To confirm how useful these biomarkers could be, the researchers checked for their levels in blood samples from 29 NMOSD patients positive for anti-AQP4 autoantibodies.

These levels were compared with those of 13 people with myelin oligodendrocyte glycoprotein antibody-associated disorder (MOGAD), 20 people with multiple sclerosis (MS), and nine healthy adults. MOGAD and MS are two other diseases in which the spinal cord and brain become inflamed.

More than 70% of patients in each of the three disease groups were experiencing a relapse when their blood was drawn. The remaining patients were in remission.

Results showed that both NfL and GFAP were significantly more abundant in blood samples from people with any of the diseases versus healthy adults. However, only UCHL1 was significantly more abundant in NMOSD patients than in those with MOGAD or MS, suggesting that it may be used to tell NMOSD from other similar diseases.

When the researchers looked at the blood levels of these biomarkers in the first two months of symptoms, they found that both GFAP and UCHL1 were significantly raised in people with NMOSD compared with the other groups.

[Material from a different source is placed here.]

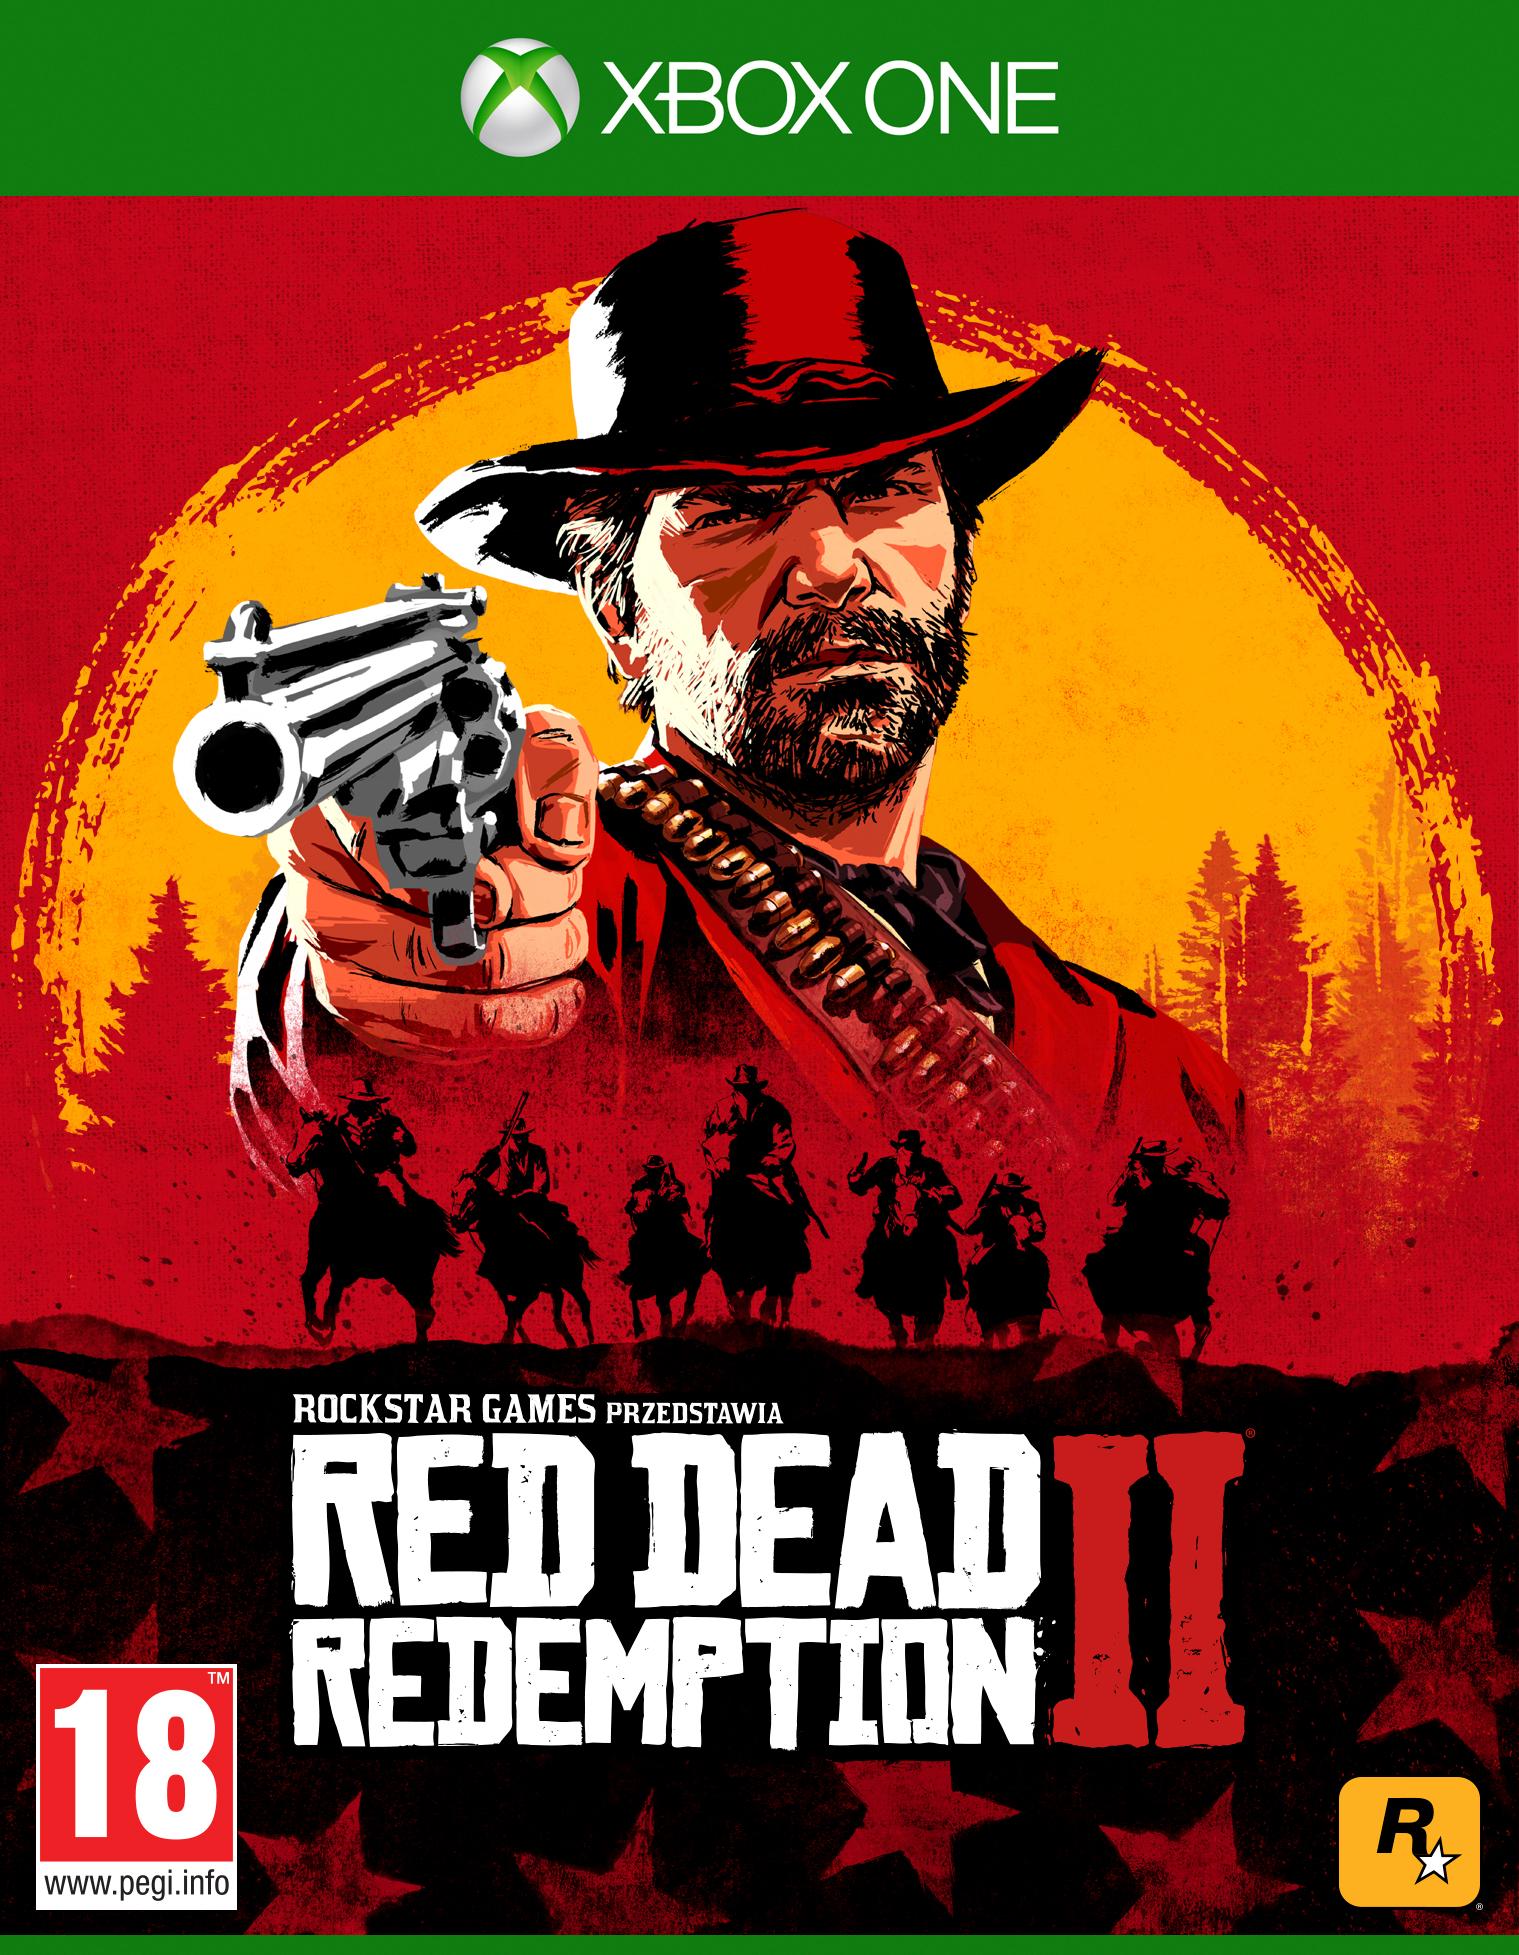 Red Dead Redemption 2 Edycja Specjalna (XONE) + BONUS!

This means that these two biomarkers may help in the diagnosis of NMOSD when the disease is still in its early stages.

Our study proposes novel options for diagnosing and monitoring the disease activity of NMOSD.

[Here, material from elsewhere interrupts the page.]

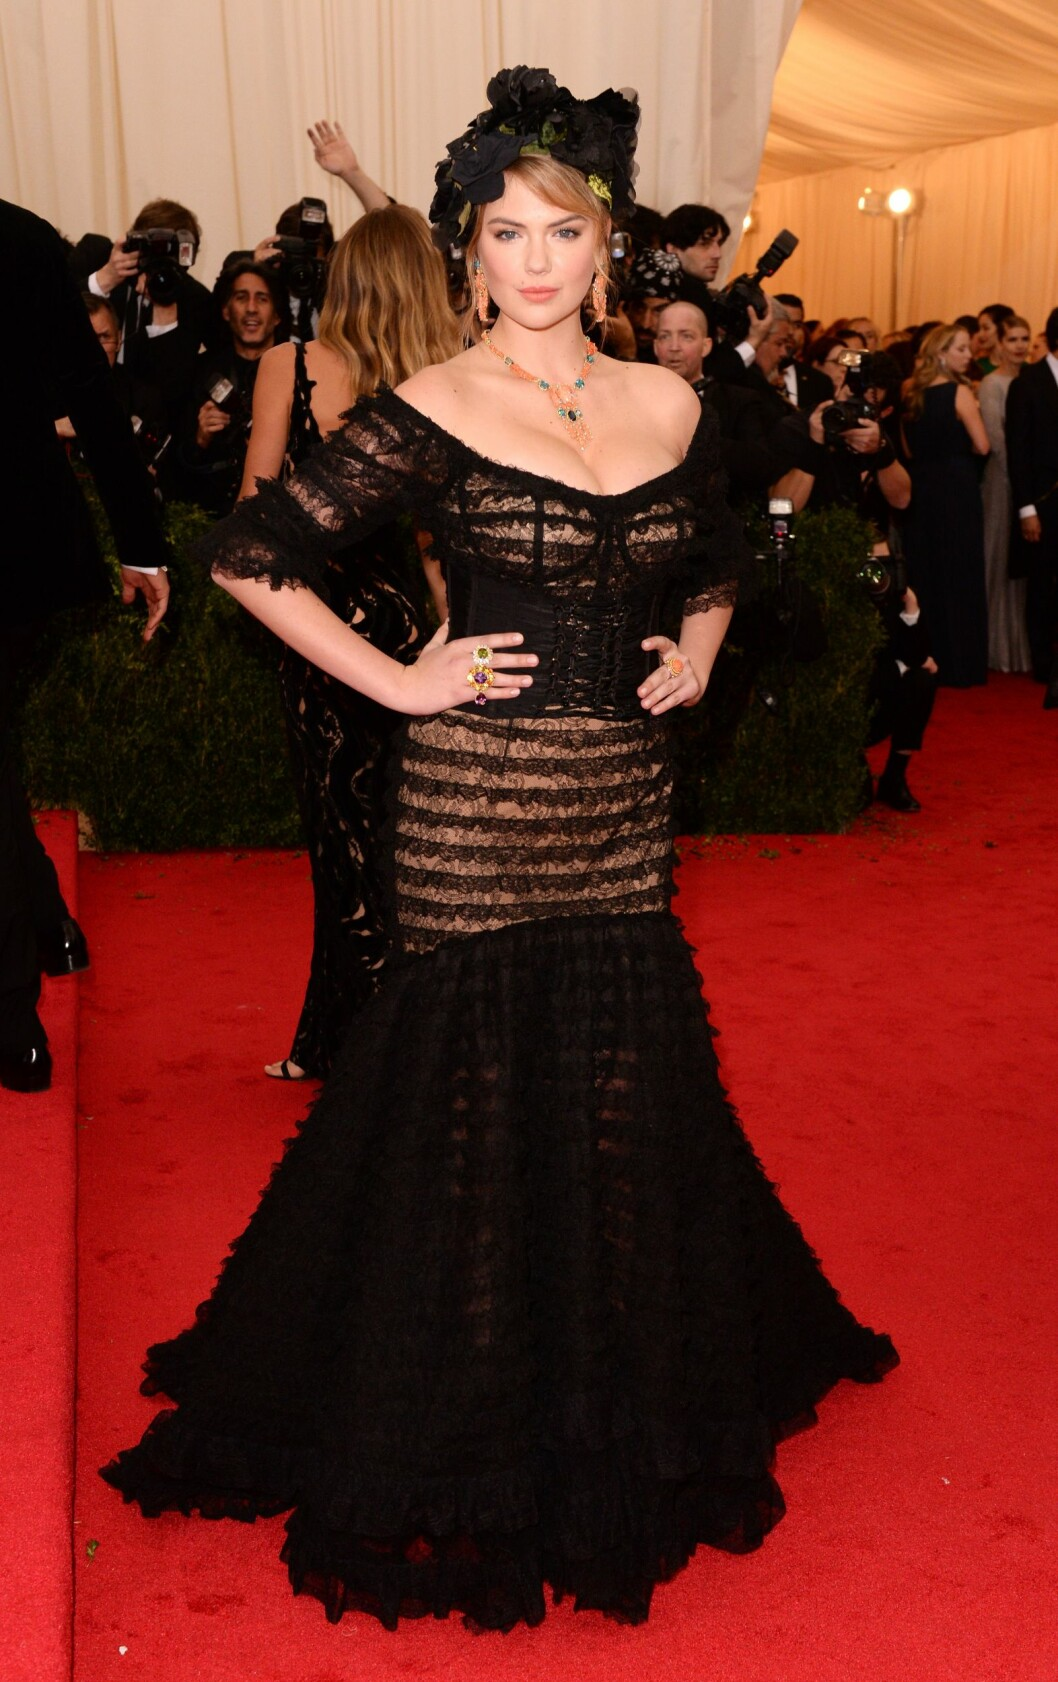 PÅ MOTEGALLA: Kate Upton i kreasjon fra Dolce & Gabbana. Foto: All Over Press

Further analyses showed that a combination of GFAP, UCHL1, and NfL was the best at distinguishing NMOSD patients during relapse from patients in the other disease groups, suggesting their potential to be used to monitor the disease over time.

After adjusting for potential influencing factors, NfL was the only biomarker significantly associated with the Expanded Disability Status Scale, a measure of disability, in NMOSD patients.

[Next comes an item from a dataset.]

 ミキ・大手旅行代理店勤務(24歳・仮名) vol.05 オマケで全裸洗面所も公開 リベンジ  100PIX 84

Also, blood levels of GFAP and NfL were significantly higher in NMOSD patients with brain lesions during a recent relapse, while those of UCHL1 were significantly increased in those with spinal cord lesions during a recent relapse.

These findings highlight that GFAP, UCHL1, and NfL may be potential biomarkers of AQP4-NMOSD, “and could be used to monitor disease activity,” the researchers wrote.

In addition, the data “retrieved a new connection between mitochondria dysfunction and NMOSD,” the team wrote, suggesting that mitochondrial dysfunction and its related proteins may be new therapeutic targets.

Still, larger studies are needed to further explore the diagnostic potential of GFAP, UCHL1, and NfL in NMOSD, the researchers concluded.